Figure 1.Numbers of rainfall events for different depth ranges (with a minimum inter-event dry period of 6 hours). Source: HR Wallingford.
Analysis of TSR rainfall data underpins the product testing methodology used in Germany (the DiBT Standard) which is driving the development of effective stormwater treatment products. The procedure requires the use a range of flow test regimes to demonstrate the capabilities of these proprietary products. As with Interception, the analysis is founded on the approach that it is best to manage the very frequent storms thereby addressing the issue practically rather than designing for the extreme events just to address flooding. It is noteworthy that there is no agreed and objectively defined approach for design storms for water quality in spite of all the SuDS guidance over the last decade. Figure 2 shows the basis of the analysis of flow rates developed from rainfall data from Bavaria, Germany.
Figure 2 Example cumulative times series runoff. Based on Schmidt T. G. et al 2010
The red intersections on the graph indicate the arbitrary selection of cumulative percentage boundaries: so 1/3 of all storms create runoff of 4 l/s/ha, and 2/3 of all storms can be described as creating 10 l/s/ha runoff or less – this data indicates that significantly larger rainfall events are experienced in Bavaria. An analysis of UK data would be expected to result in a different flow profile distribution emphasising the need for relevant location specific information to be applied. .

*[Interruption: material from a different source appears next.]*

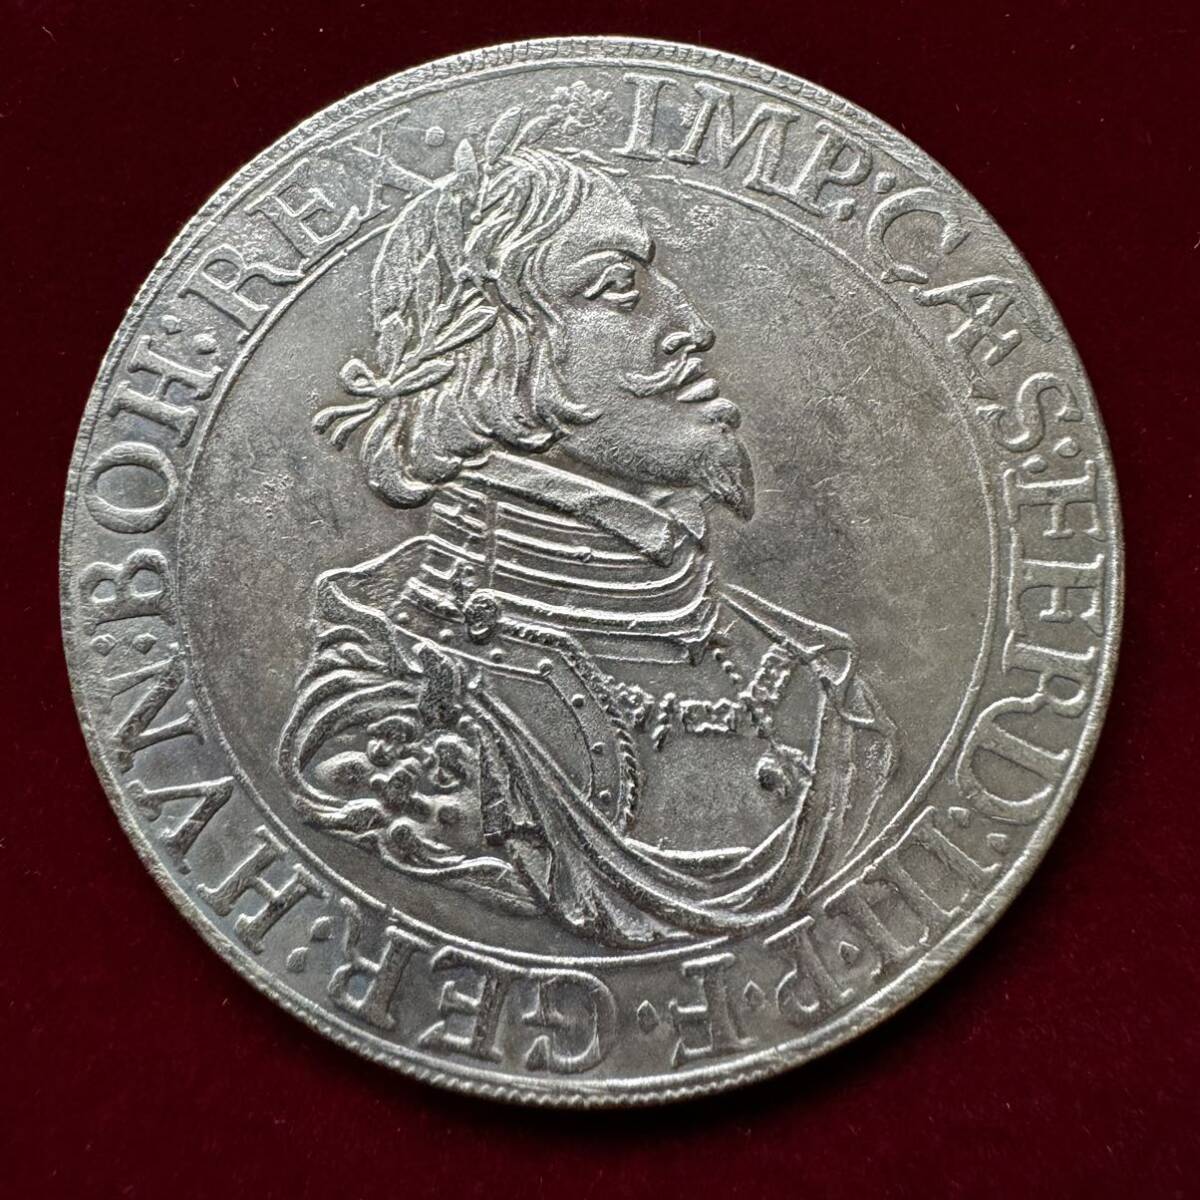 ドイツ 硬貨 古銭 アウグスブルク 1643年 フェルディナンド三世 自由都市 松ぼっくり バロック様式 天使 コイン 銀貨 外国古銭 海外硬貨の画像2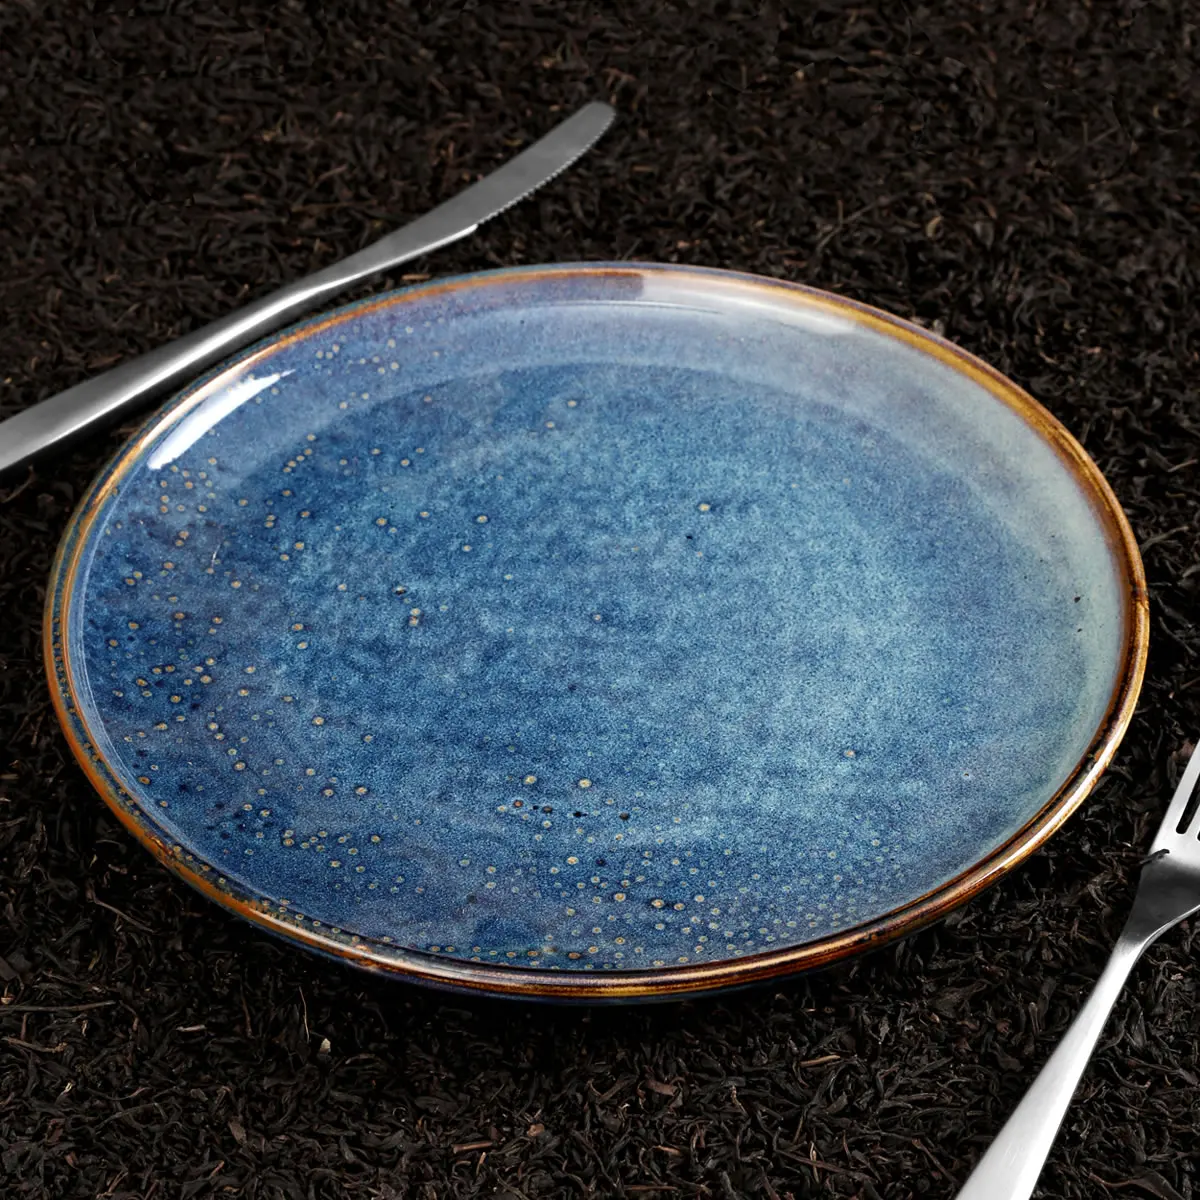  Прямая поставка с фабрики оптовая продажа голубое керамическое блюдо для отеля набор керамических обеденных тарелок экологически чистые фарфоровые тарелки

The black intersections indicate the selected test flow regimes and relate to the percentile mid points between the boundaries as described. Such an approach allows appropriate weighting to be given to the flow rate. In the case of the DiBT standard the 17th, 50th and 85th percentile storms are weighted equally by total volume rather than by duration – with the lower flow rates running for a proportionately longer time as shown in Table 1. Tests 1-3 are undertaken with substances added to the influent in order to represent typical pollutants found in urban runoff. Test 4 seeks to measure remobilisation under extreme hydraulic load.
Flow test | Intensity | Duration | Water volume |
l/s/ha | Min | l/m2 | |
1 | 2.5 | 480 | 7.2 |
2 | 6 | 200 | 7.2 |
3 | 25 | 48 | 7.2 |
4 | 100 | 15 | 9 |
Table 1. Test flow regime for proprietary products based on DiBT Rainwater treatment plant 2011
What results is an approach to testing that is realistically premised on relevant hydrological conditions. Equally compelling is the extent to which such an approach might further inform SuDS design holistically from a quality perspective. BS 8582 – the 2013 Code of Practice for Surface Water management for Development sites supports the concept but rather side-steps the issue by stating that treatment components are required for all frequent events – up to the 1:1 year return period. Use of TSR or the use of key flow rates based on its analysis can underpin robust approaches in determining what those events imply volumetrically, consequently informing design theory and practitioners alike.
The acceptance of the relevance of TSR will lead to the development of SuDS tools to facilitate the design of drainage systems for providing effective treatment. This should lead to the integration of traditional SuDS components with proprietary products providing a wide portfolio of methods for drainage designs for all circumstances.
The intention of this article is to stimulate discussion of the topic in context of the imminent National Standards and forthcoming revision of the CIRIA SuDS manual.